June 23, 2017
A lot can happen in eight months. You can write a lot of blogs. Or you can write none. In my case it’s the latter. If you follow me on Instagram, Twitter or Facebook, though, you’ll probably already have a good idea of how my recovery has gone since I last blogged here, just a few days after shoulder surgery last autumn. A wry smile appeared on my face as I just re-read that blog, which I closed with the lines: “The path forwards might not always be an easy one, but I have great people around me and a deep faith that, ultimately, all will be well.”
I won’t lie – the recovery process was far longer than anyone anticipated and the path forwards was certainly not always an easy one, but I was definitely right about having great people around me. And even when things seemed like they might never get better, I think I always held onto the smallest grain of hope that at some point, at some time, I would be OK. There was definitely a time back in December, though, not long after my six-week spell in the sling came to an end, that I honestly wondered if I’d ever be able to swim again. Magic Hands aka Dr Lawrence van Lingen also wondered the same – and when you hear something like that from a body whisperer like LvL it certainly gets your mind wandering.
For a time I’d say I was definitely the darker side of depressed and despondent, but came to realise that the sooner I could accept and “own” the whole rehab and recovery process I was on a fast track to sunnier climes and healthier shoulders. For anyone going through injury rehab now, my greatest advice would be to put down and set aside ideas of training and racing and commit yourself wholly and fully to rehab. Sounds so simple. It isn’t. For me, it meant a shift in mindset. I had been battling to get back to training, but realised that if I just relinquished those ideas and focused 100 per cent instead on getting my body back to eventually being ABLE to train then I’d expedite the whole process quite considerably.

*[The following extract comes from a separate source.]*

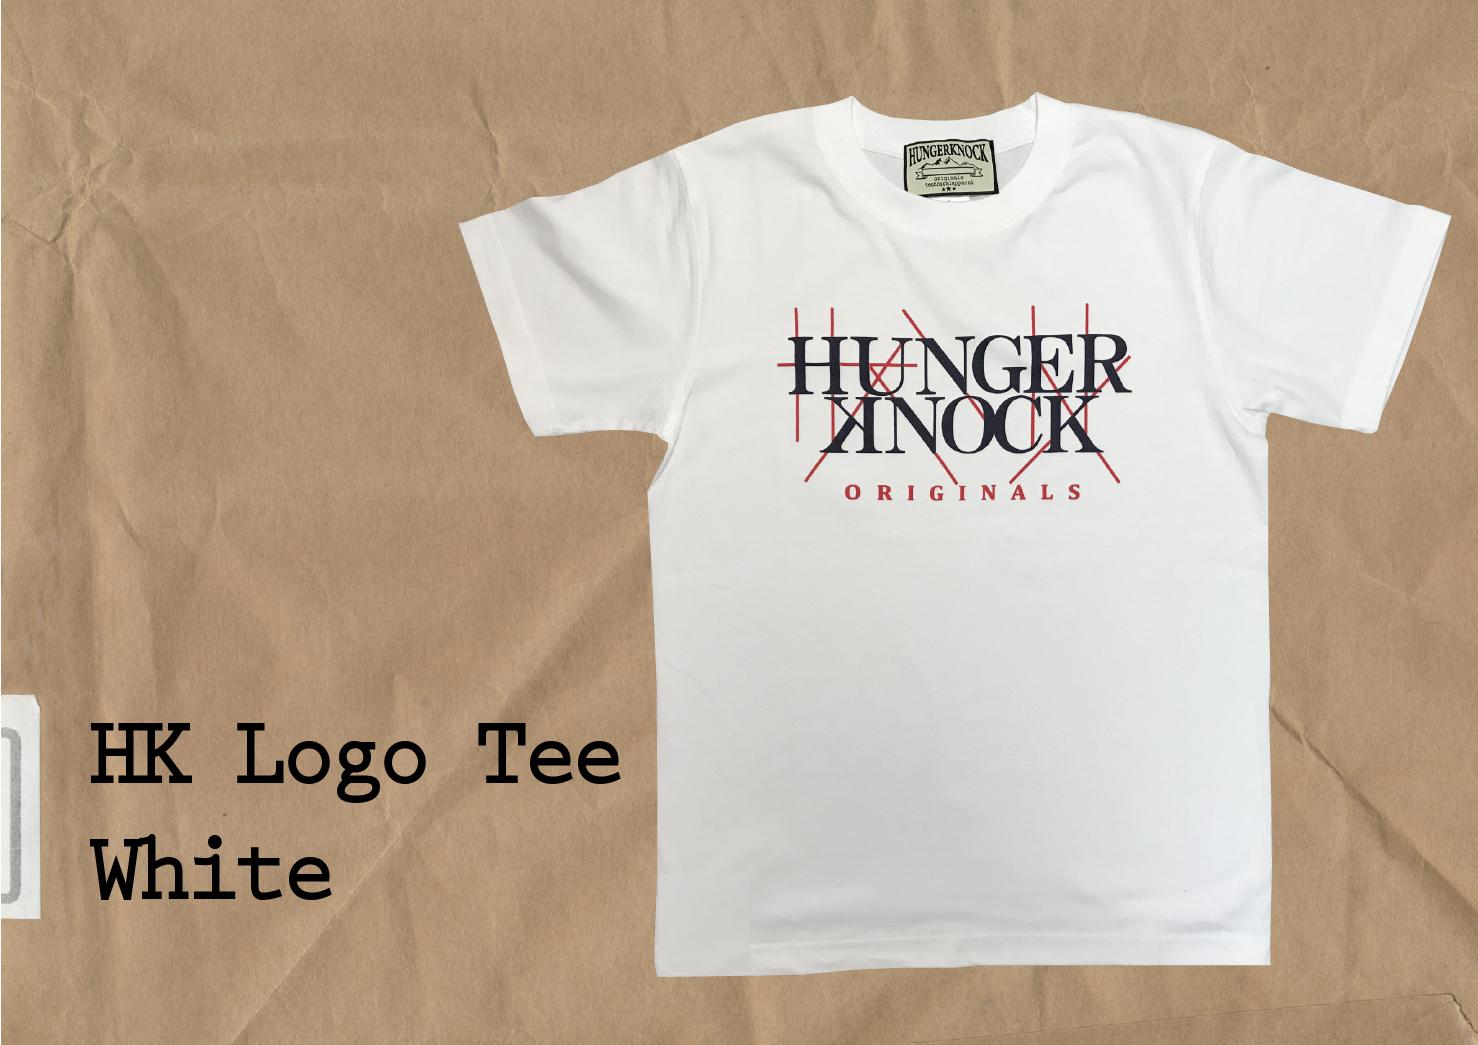 HK Logo Tee / White

It's been six months since shoulder surgery and the recovery process has been a long and winding road. I've essentially been learning to swim again this past month – lots of neuromuscular re-education and I'm now starting to see (and feel) the fruits of my labour. Thanks @lawrencevanlingen & @dibbo4 for your continued wisdom 🤓 and guidance 👀
All athletes suffer injuries at some stage of their careers; it is something to be dealt with and something you have to work through. You can fight it or you can accept it. For me, with acceptance came the realisation that I had – for the past few years at least – only ever identified as an athlete and therein laid the problems. When you are no longer able to swim, bike, run or race, you are suddenly left squirreling around wondering what on earth your purpose is. Cue great people, great friends and truly figuring out what makes you tick. The JD Crew and Coach Dibs here in Boulder have been fantastic and this vimeo from fellow JD Crew athlete and friend Keavy McMinn definitely helped set me on a good path. The EK who went into surgery is not the same EK who’s coming out of the injury dug-out. I’ve learnt/am learning the art of balance and truly switching off. I’ve satiated the writer/creative in me by reading and writing more; I’ve baked plenty; I’m getting close to being fluent (ish) in Spanish once again; I make time to catch up with friends and family every week and in the adorable, affable Andrew Hyde have a boyfriend who is from a world very different to my formerly tri-obsessed one.
My training volume is stepping up again and Julie and I have some tentative race plans on the calendar which will hopefully see me on a start line from mid-August onwards. It has most definitely been an interesting journey back to health and fitness and I’m returning fresher and happier than I’ve ever been.